Breadfruit Tostones

29 Apr

This is another of the recipes related to my Foodbuzz’s 24,24,24 April event… A Very Veggie Experiment.


Tostones in Puerto Rico are typically made from plantains… but you can make tostones also out of Breadfruits.  We call them PANA in Spanish. 

Breadfruits are very polarizing – people either love them or they hate them.  For example, my dad does not eat them at all because in Cuba, breadfruit was given as food to the pigs.  And in his mind, he could not bring himself to eat pig’s food.  However, my grandpa on my mom’s side LOVED them.  He would always make a big deal when one of the breadfruits would fall from the tree behind the house.

It’s very typical to eat breadfruit boiled in salted water, just like you would boil potatoes.  But it’s not a root vegetable… it’s a fruit that grows on a tree.  It’s weird because you treat them in the culinary sense just like you would other VIANDAS or root vegetables- potatoes, sweet potatoes, yucca, malangas, etc.  I guess it’s the same way as eating green bananas boiled too.  It is very traditional to eat them with codfish in a dish called serenata.  Now that we’re vegetarians, we enjoy them with some Tuno Antipasto on top, amongst many other preparations.


                                          pana-tree         pana

This time around we’re making them fried.  With the breadfruit tree behind my grandma’s house in full bloom and splendor,  I decided to expose Mariví’s kids to breadfruit.               



½ breadfruit
2 garlic cloves
Kosher Salt to taste
Canola Oil for frying


You make breadfruit tostones the same way you make regular tostones…

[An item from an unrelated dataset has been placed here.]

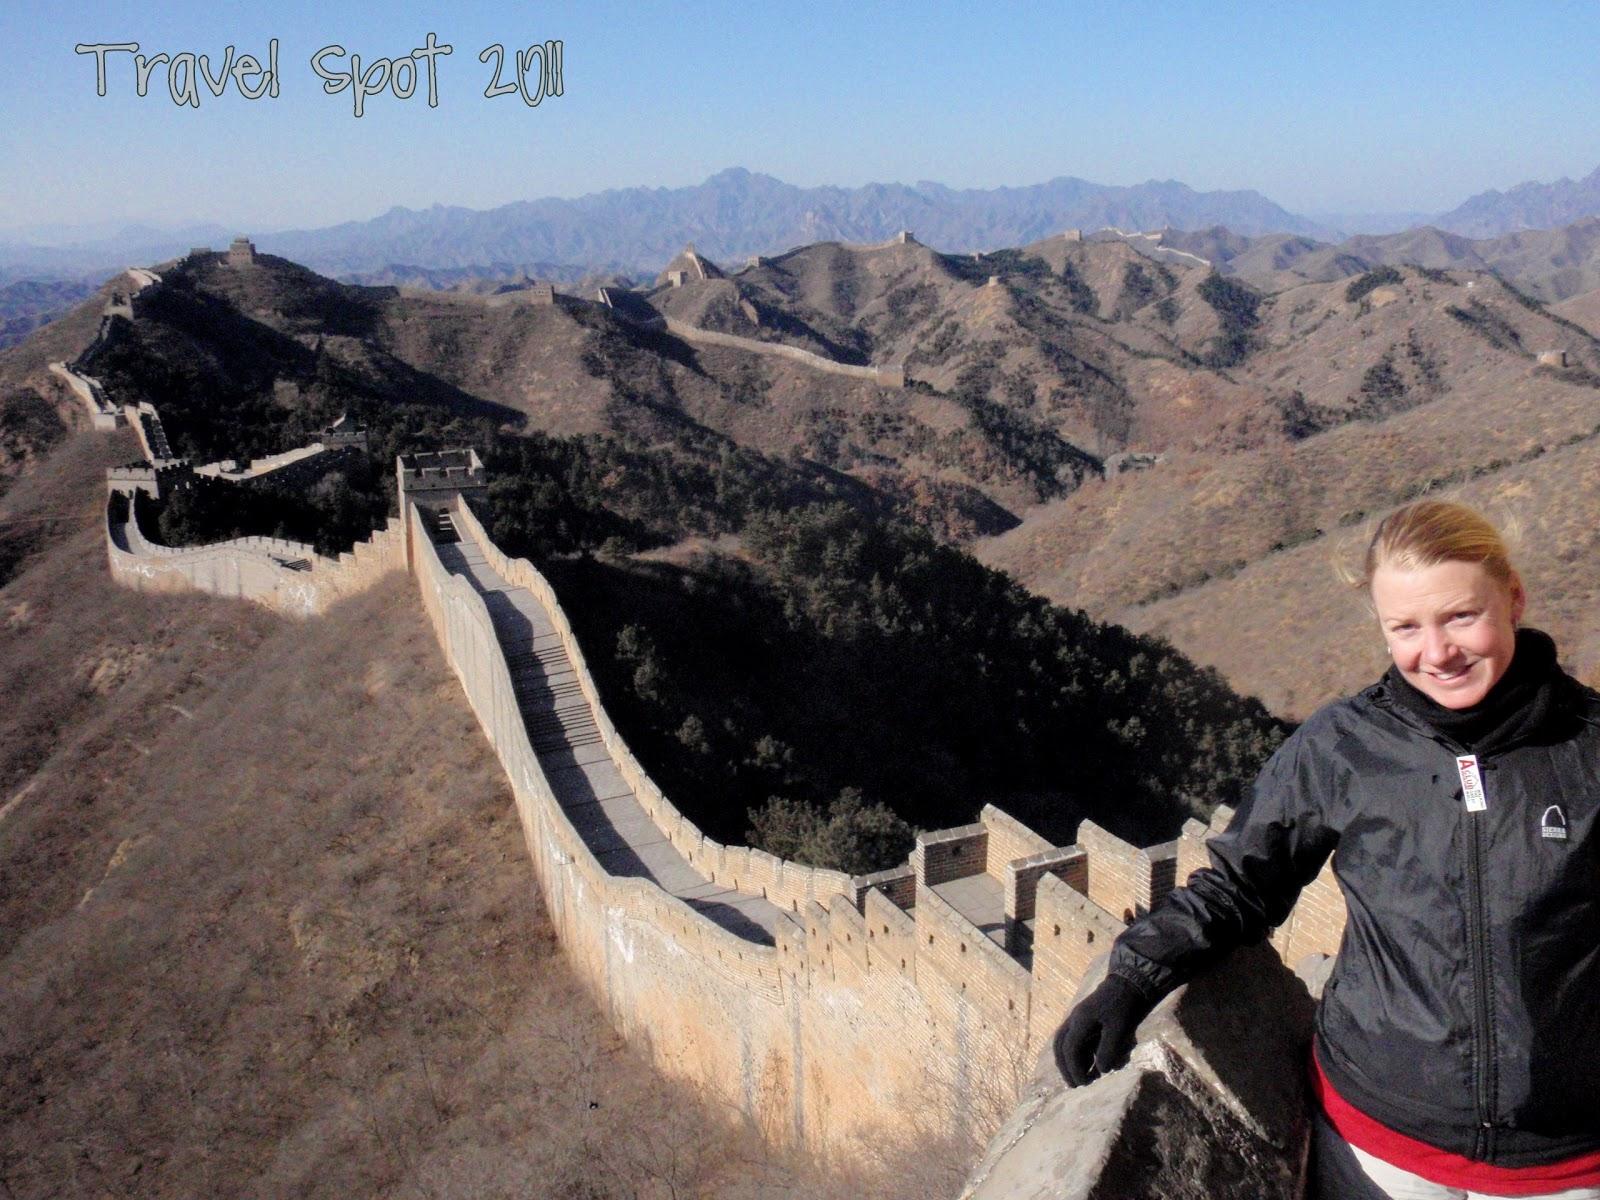 http://4.bp.blogspot.com/-PNaC9Dwp4B8/TumlKaXGWII/AAAAAAAACSY/GEgHJ9hTXVc/s1600/China+-+Beijing+-+Great+Wall-96.JPG

  1. First you cut the breadfruit in half and then into wedges.  Peel it and remove the center where the spongy part and seeds are.  Wash the wedges well under running water to take away any “mancha” or stickiness it may have.  Because the best breadfruits for tostones are still pretty “green” or unripe.
  2. pelando-panas-3        pelar-panas-1   pelando-panas-2
  3. Cut them into smaller pieces and fry them in canola oil under medium heat until they’re cooked inside, but not really golden.
  4. friendo-panas
  5. Flatten the breadfruit pieces using a tostonera or two plates like I use here.
  6. If you’re making them to eat right away, fry them again in the same canola oil until they’re crispy and golden brown.
  7. Sprinkle them with garlic salt and enjoy right away.


If you want to make a whole batch to freeze and save for a later time,

  1. Fry them only once, smash them and wait until they cool off a bit.  Store them in a Ziploc bag in your freezer. 
  2. tostones-de-pana This is how they look fried only once and flattened…  a bit pale, no??
  3. When you’re ready to fry them the second time,  defrost them in salted garlicky water and fry them again right before eating them.  Make sure you pat the dry a bit before frying so the oil does not splatter.

 tostones-pana-y-platano  These are breadfruit and regular plantain tostones side by side so you can notice the differences…

These breadfruit tostones were a complete hit!!!  Everyone wanted to be in the kitchen with me when I fried them and everyone gobbled them up.  Even the little ones went for the tostones first before they started on the fixed-up mac and cheese.



3 Responses to “Breadfruit Tostones”

  1. Leila May 16, 2009 at 6:23 am #

    hi, found ur blog from foodgawker…this fruit is a typical forest fruit in my country, malaysia. Here we call it ‘buah sukun’ and we normally fry like u did and eat it either with grated coconut or sugar. We serve it tea time. Its quite hard to find in the city coz its usually in villages/suburb area and its quite pricey..

  2. Natasha May 22, 2009 at 1:52 am #

    Hi there!
    I grew up in Trinidad where breadfruit was quite common. We typically had it in one of three ways: steamed and served with some sort of stewed meat, stuffed with salted fish, or cut thinly and fried the way you have done here. It’s funny how we appreciate things when we can’t get it; I disliked breadfruit so much while growing up but seeing your pictures made me me want some.

    KFC – I hear you… I know what’s like to crave the food of your country when you’re living abroad. I would carry a bunch of stuff with me to Chicago when I was going to school there… and my mom sent me monthly “care packages” with local produce – like plantains, batatas, yautias, etc.

  3. Nereida acosta July 31, 2016 at 2:11 pm #

    I love it When I go home to my country in Puerto Rico . I always get a chance to eat them like tostones.